Example: Aggregation Statistics
Summarizing a data set
The most straight forward function which returns some aggregated statistical
information about a data set is summary
.
a <- c("A", "B", "C", "A", "B", "A", "A")
b <- c("X", "X", "X", "X", "Y", "Y", "Y")

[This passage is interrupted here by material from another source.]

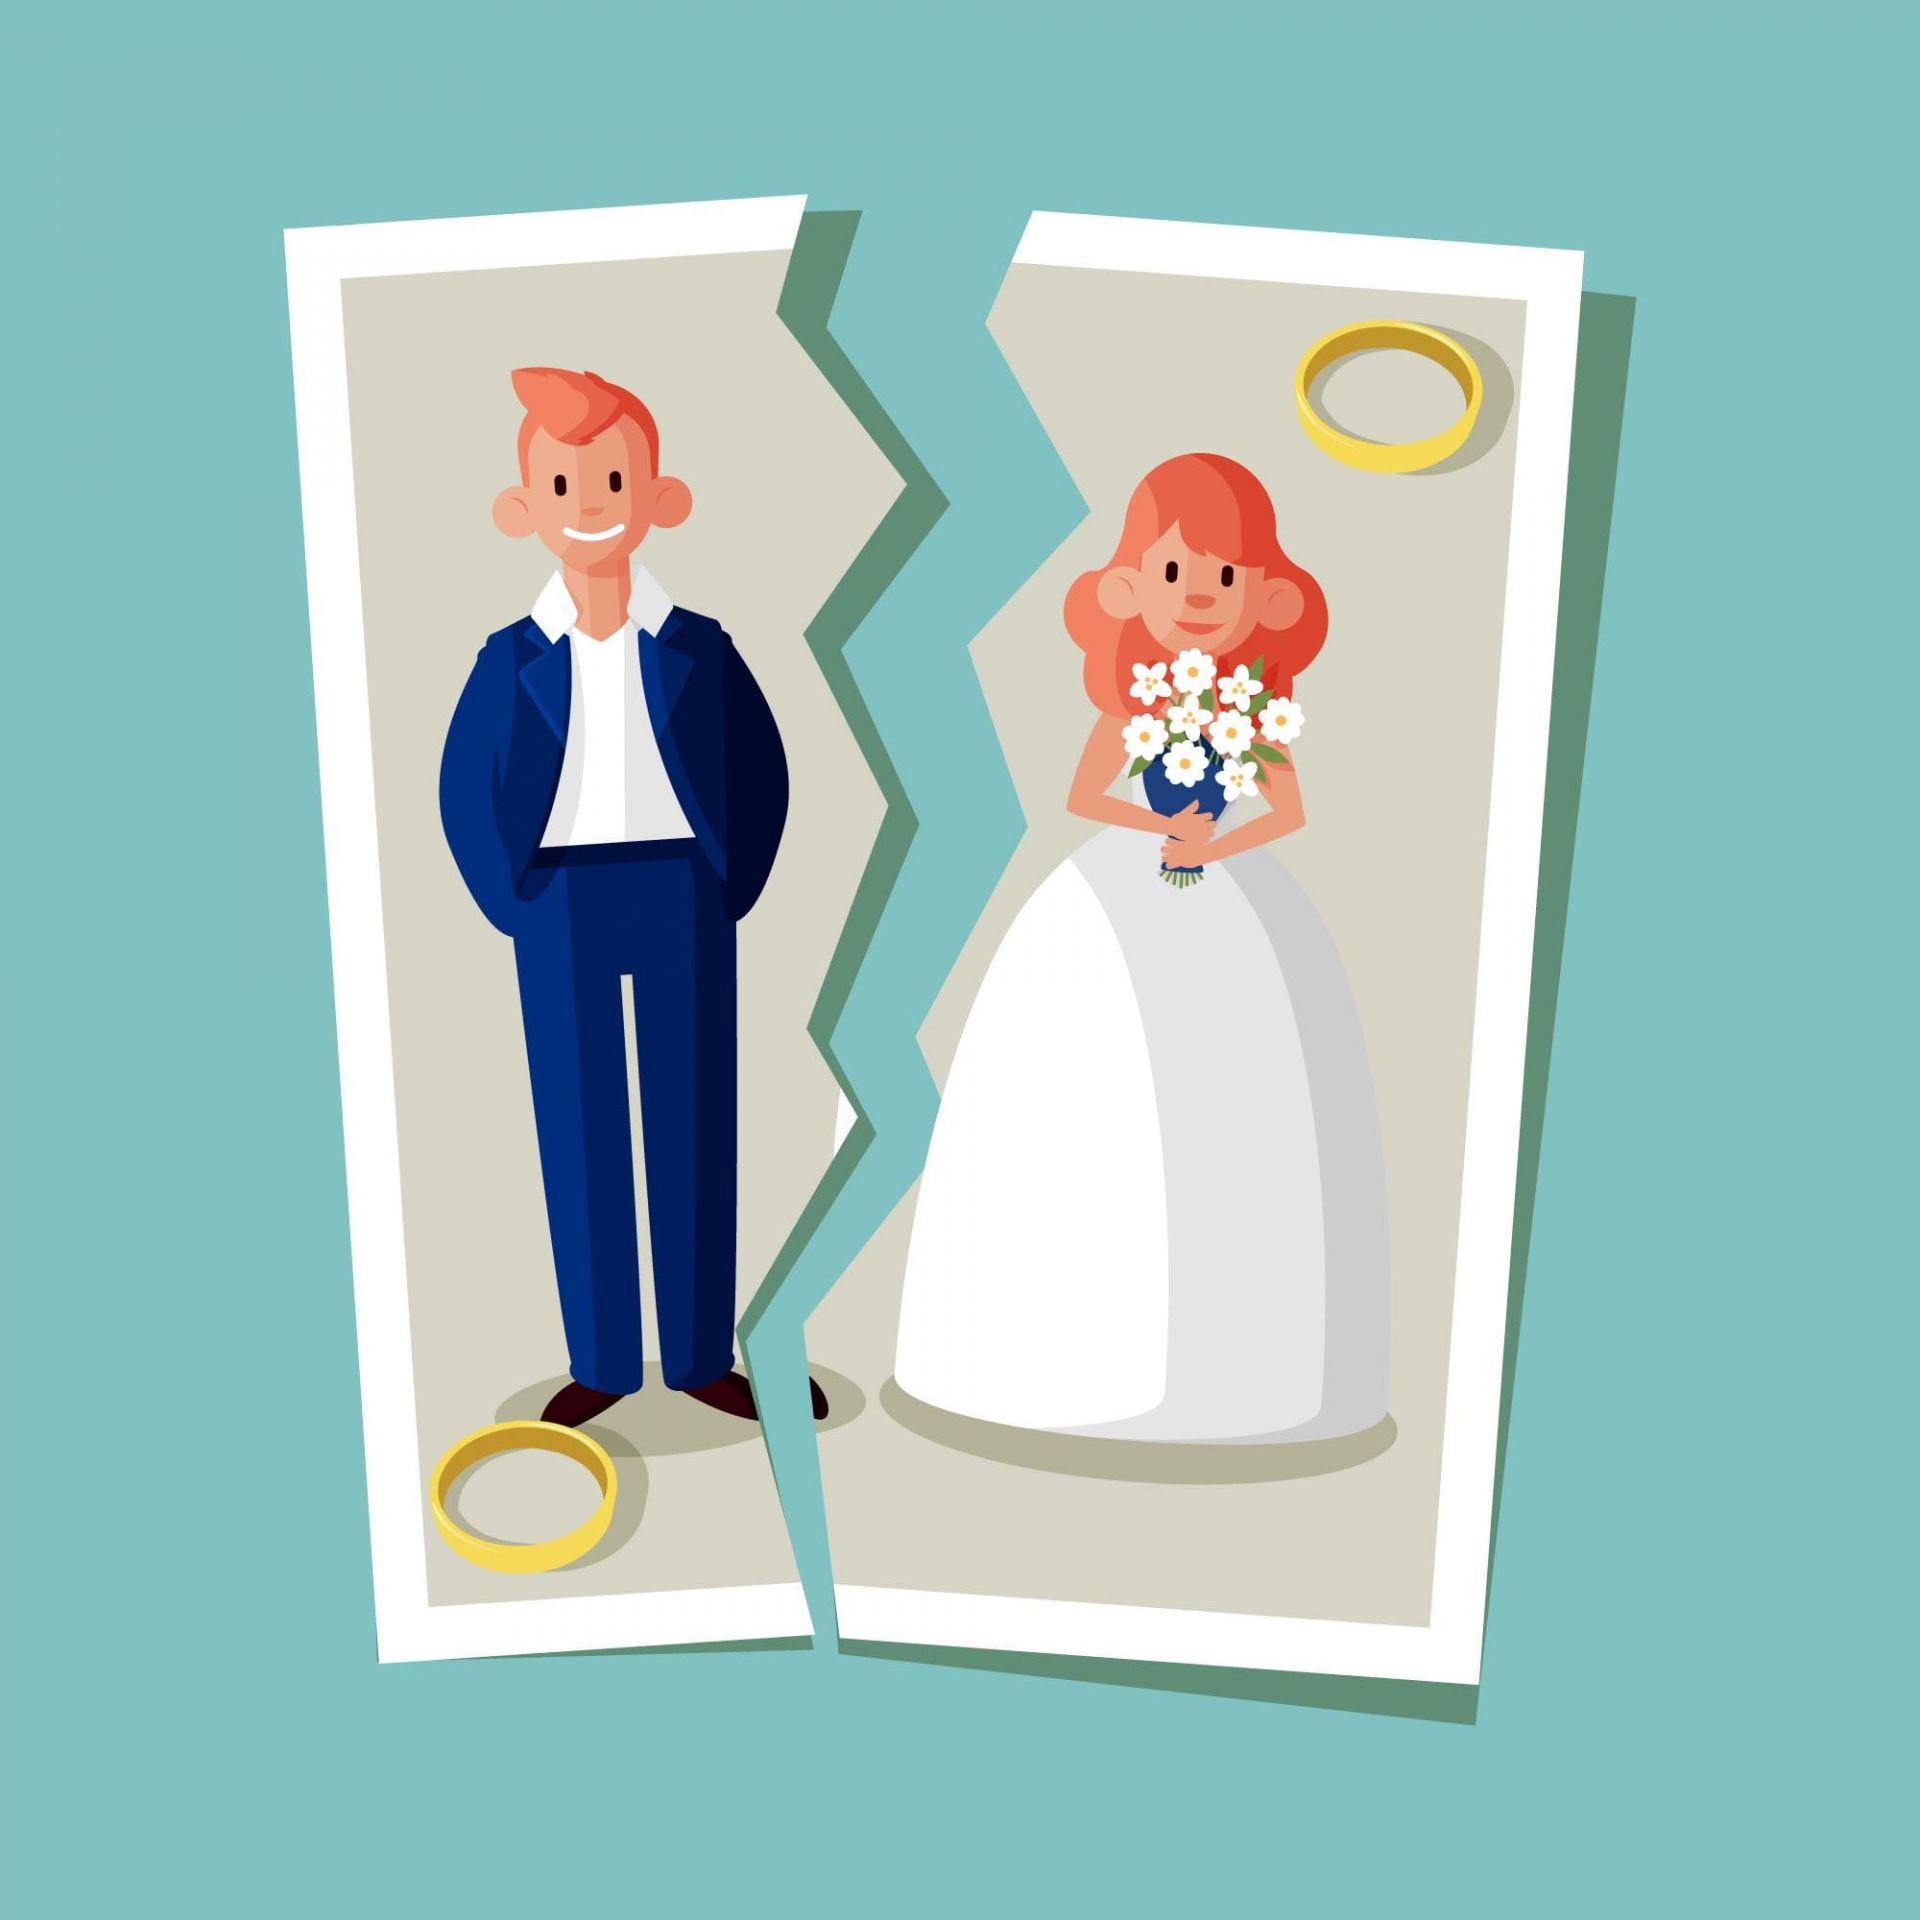 ptt marriage如何建立和維持一個健康和幸福的婚姻關係？

c <- c(1, 2, 3, 4, 5, 6, 7)
d <- c(10, 20, 30, 40, 50, 60, 70)
df <- data.frame(Cat1 = a, Cat2 = b, Val1 = c, Val2 = d)
summary(df)
## Cat1 Cat2 Val1 Val2
## A:4 X:4 Min. :1.0 Min. :10
## B:2 Y:3 1st Qu.:2.5 1st Qu.:25
## C:1 Median :4.0 Median :40
## Mean :4.0 Mean :40
## 3rd Qu.:5.5 3rd Qu.:55
## Max. :7.0 Max. :70
It provides the minimum, maximum, mean and median value of each numerical column along with the first and third quartile (i.e. the values separating 25% from 75% and 75% from 100% of the data). Non-numeric columns are summarized by counting the individual values (which will be ommitted after the first few rows so it is only informative for columns with just a few different character values).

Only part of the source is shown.